Excellent, plain-language explainer on corporate and 1 percenter tax evasion, with a simple solution

The New York Times has collaborated with Berkeley economics prof Gabriel Zucman to produce an interactive explainer that walks through the baroque tax-evasion strategies deployed by multinationals like Google and Apple, as well as the super-rich, using plain language and explanatory graphics to get past the deliberately eye-glazing tedium of these arrangements, a shield of boringness that has allowed the super-rich to hide $8.7 trillion from tax authorities while taking advantage of national courts, education, roads, police, and health care.

This system of representation without taxation gives the wealthy the best of all worlds: tiny and giant countries alike scramble for crumbs from the ever-more-rich 1 percent, tilting policies in their favor.

Zucman is the author of a 2016 book called The Hidden Wealth of Nations: The Scourge of Tax Havens, which gets top reviews.

According to the latest available figures, 63 percent of all the profits made outside of the United States by American multinationals are now reported in six low- or zero-tax countries: the Netherlands, Bermuda, Luxembourg, Ireland, Singapore and Switzerland.

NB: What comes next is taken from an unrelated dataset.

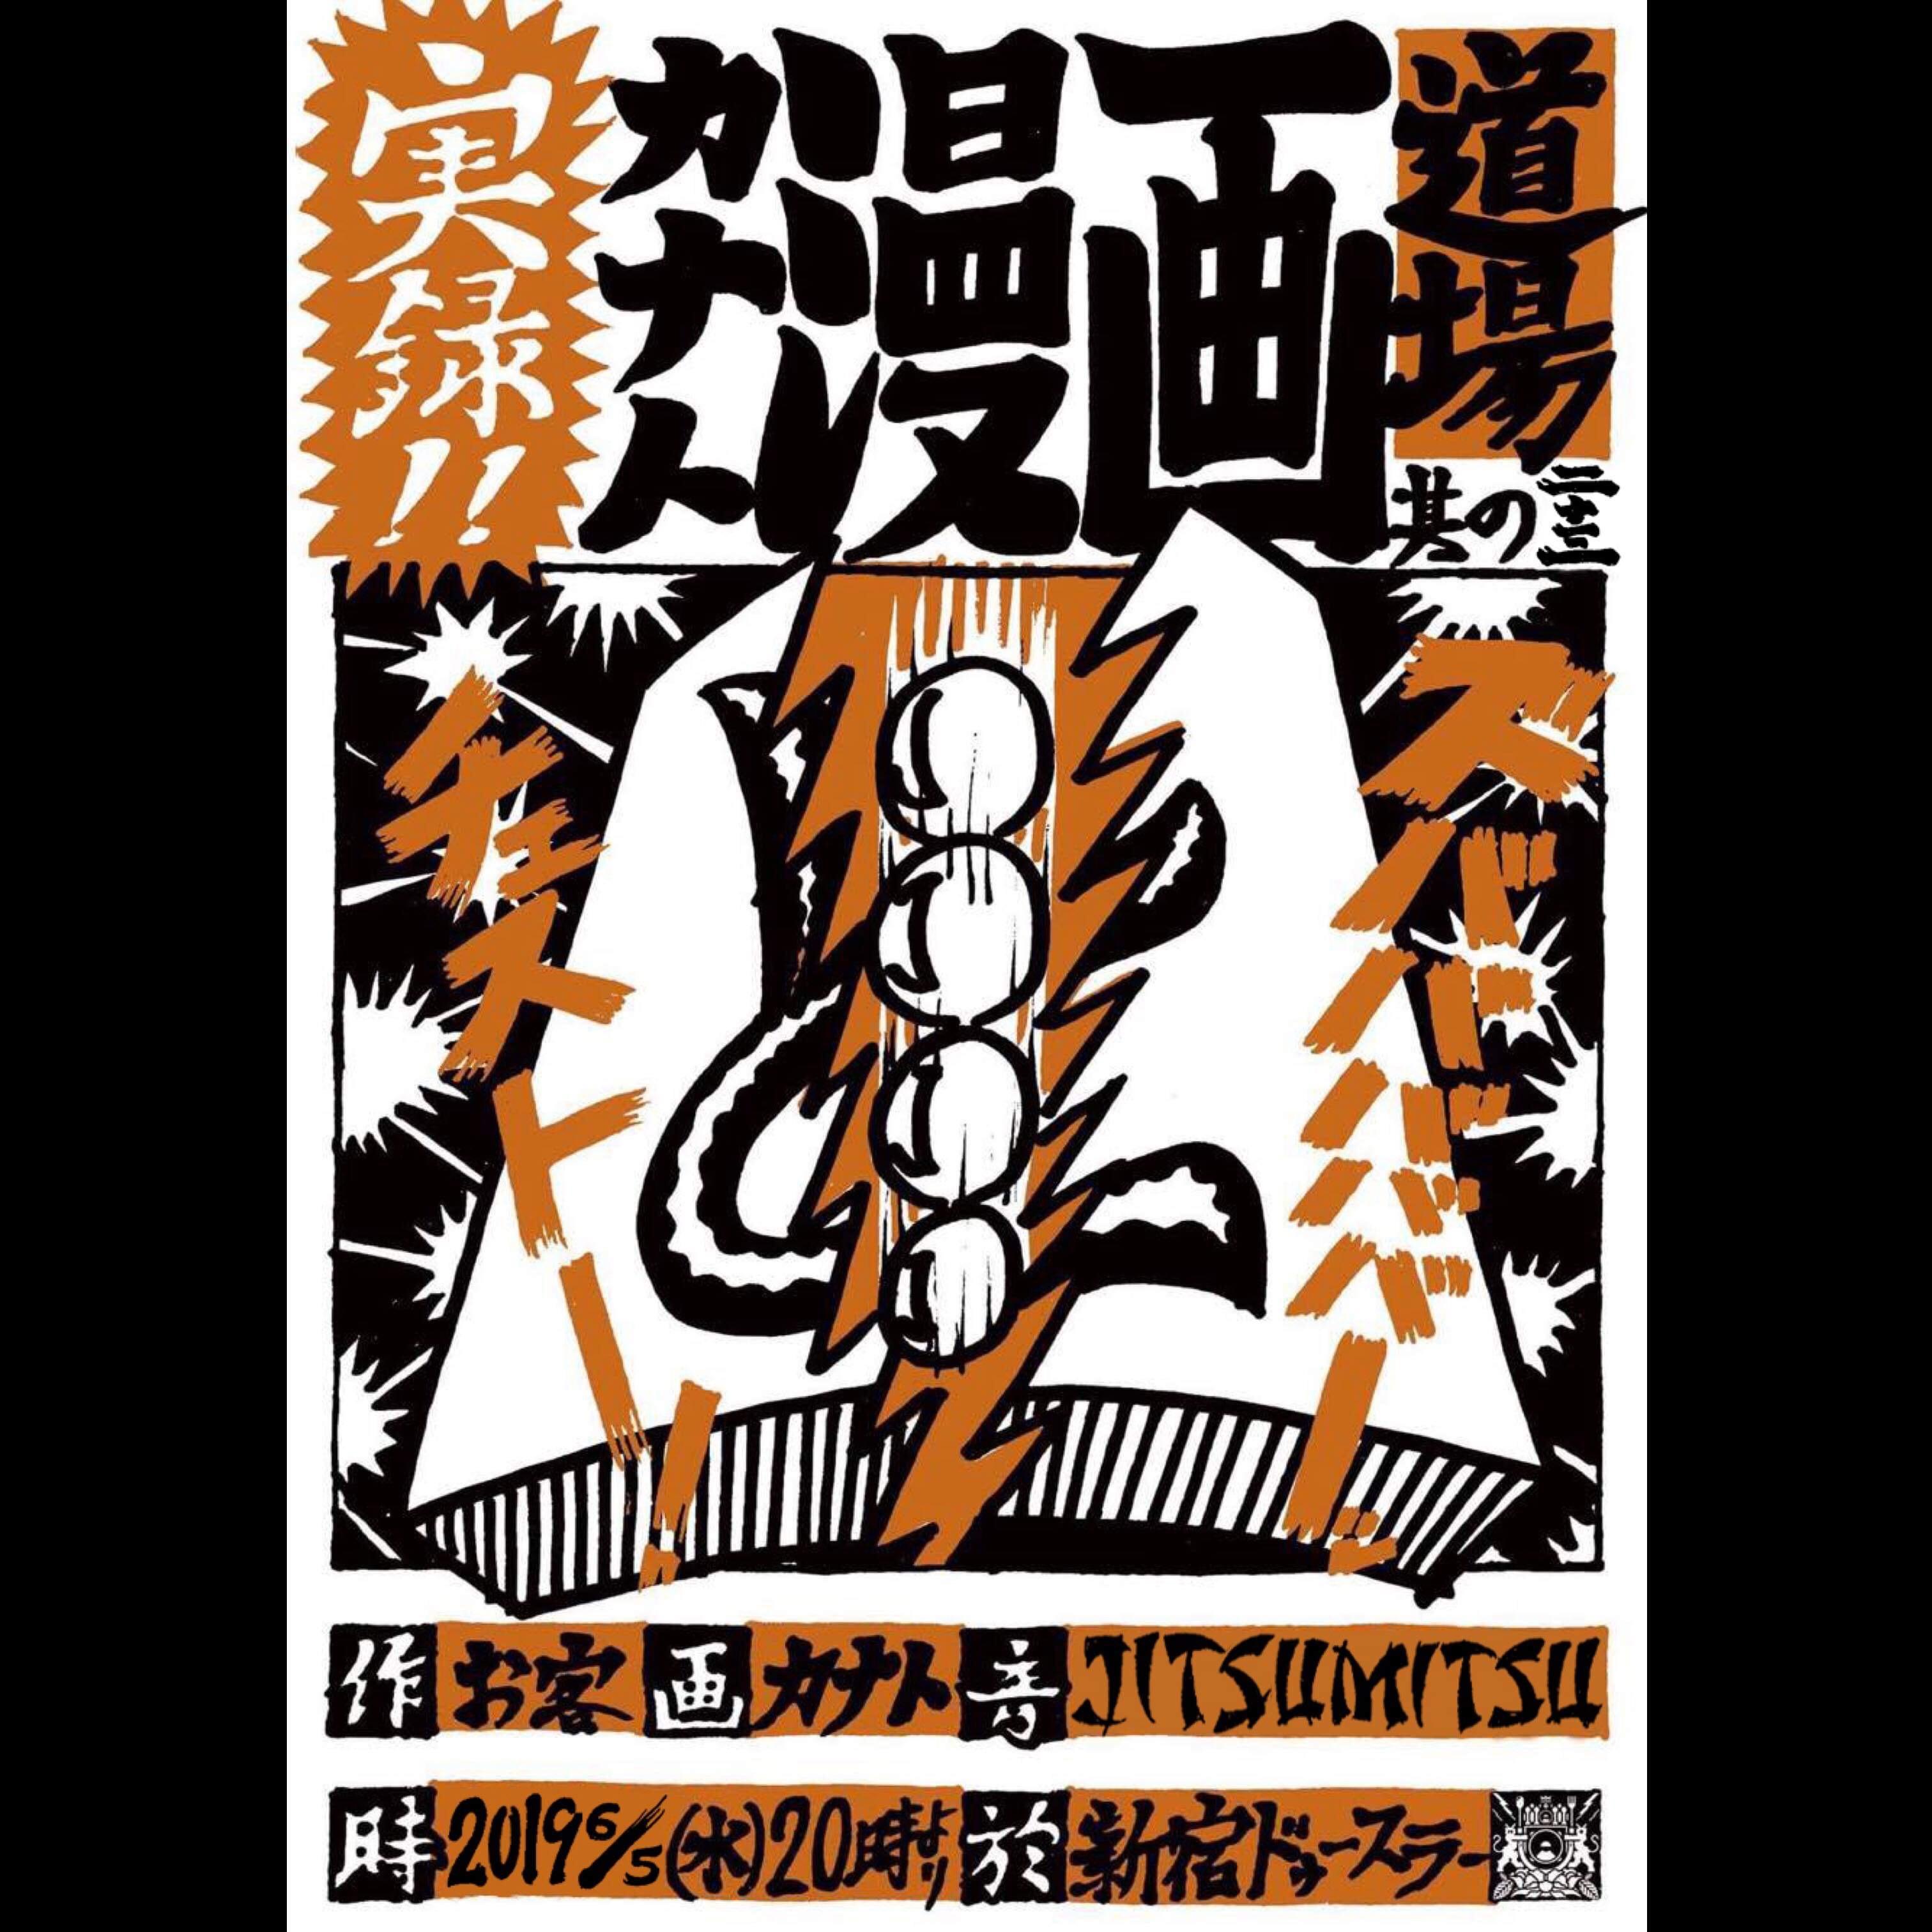 実録‼︎カナト漫画道場

These countries, but above all the shareholders of these corporations, benefit while others lose.

My colleagues Thomas Torslov and Ludvig Wier and I combined the data published by tax havens all over the world to estimate the scale of these losses. The $70 billion a year in revenue that the United States is deprived of is nearly equal to all of America's spending on food stamps. The European Union suffers similar losses.

How Corporations and the Wealthy Avoid Taxes
(and How to Stop Them)
[Gabriel Zucman/New York Times]

(Thanks, Fipi Lele!)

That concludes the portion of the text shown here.